Devices will become more and more invisible and integrated into clothing of the user or worn by the user. While mobile applications still require a form of active use, future devices will provide a different kind of supporting functionality. To achieve this goal, the mobile interface paradigm has to be generalized into something different to mechanisms for information display and user input as used so far. For a wearable application interface the use of implicit information sources will be a central design aspect where the user’s needs are anticipated and only a minimum of explicit input is required.

Before diving deeper into the topic, a short definition and history of wearable computing is needed to understand how the user interaction in this field demands changes to the traditional concept of assessing a user interface (UI).

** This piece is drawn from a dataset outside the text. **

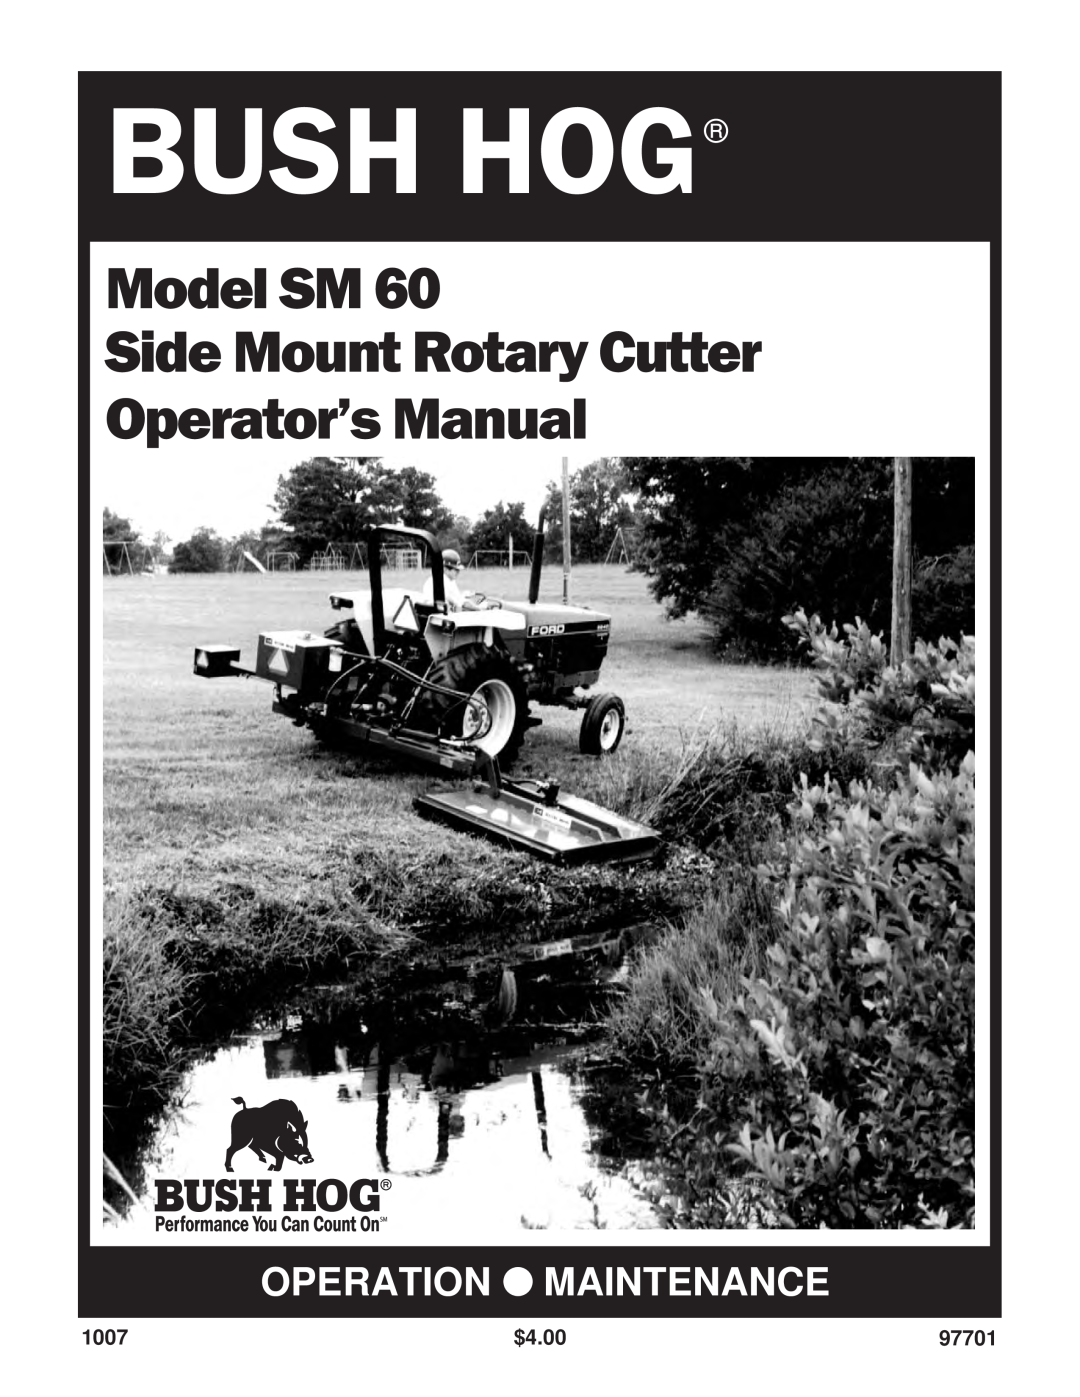 Bush Hog SM 60 manual 1007, $4.00, 97701, Bush Hog, Model SM Side Mount Rotary Cutter, Operator’s Manual

Wearable computing describes body worn computing devices that provide useful information relevant to a physical real world task. Unlike mobile devices, the focus is on the task and the device should not unnecessarily distract from it. To fulfill this expectation the wearable device cannot depend on direct interaction with the wearer but needs to process information from the environment to infer the next helpful action to be taken. This relevant information is the context of a wearable computing application. There are many sources for contextual information: One can use sensors that measure physical properties like location, lighting conditions, the presence of digital markers to name a few. Other possibilities are known aspects of the work-flow and the resulting mental model of the user to take pro-active actions, software generated information from databases, current time, simulations, or implicit interaction by analyzing the actions of the wearer or co-workers.

The first wearable computing system, built with the intention of supporting a real world task, can be found in the experiments on Roulette wheel prediction by Thorp (Thorp, 1998) as early as 1955. While the core idea is quite simple, it shows some general needs of wearable applications. To predict the outcome of Roulette wheels, a shoe-integrated computer was used where timing information about the current game was input with the toes. The result of the computation was transmitted to another device1 worn by a (potentially different) person and mediated by audible signals. Analyzing the needed information here can be quickly done. The computer system needs timing information that is abstracted by keeping track of the time when a button is pressed. The transmitted result is a single symbol that either specifies where to place the bet or not to bet at all. While the setup in this early experiment is technically very direct, it can be logically abstracted. On the one side is an action from the user such as pressing a button that is not used directly as a means of control but indirectly used to setup a timespan, very similar to the control scheme of a stop watch. On the other side, an abstract output symbol is computed that needs to be conveyed to the wearer. While this example is very simple, it shows one important property. Neither the actual physical source of the input, nor the actual physical representation of the output are important for the application and can be replaced by other means. This has actually been done with the Eudaemons' shoe (The Eudaemons' Shoe, 1998), a project directly related to the work of Thorp. In this project, instead of an audio output, a tactile feedback device was used to convey the computed symbol to the wearer.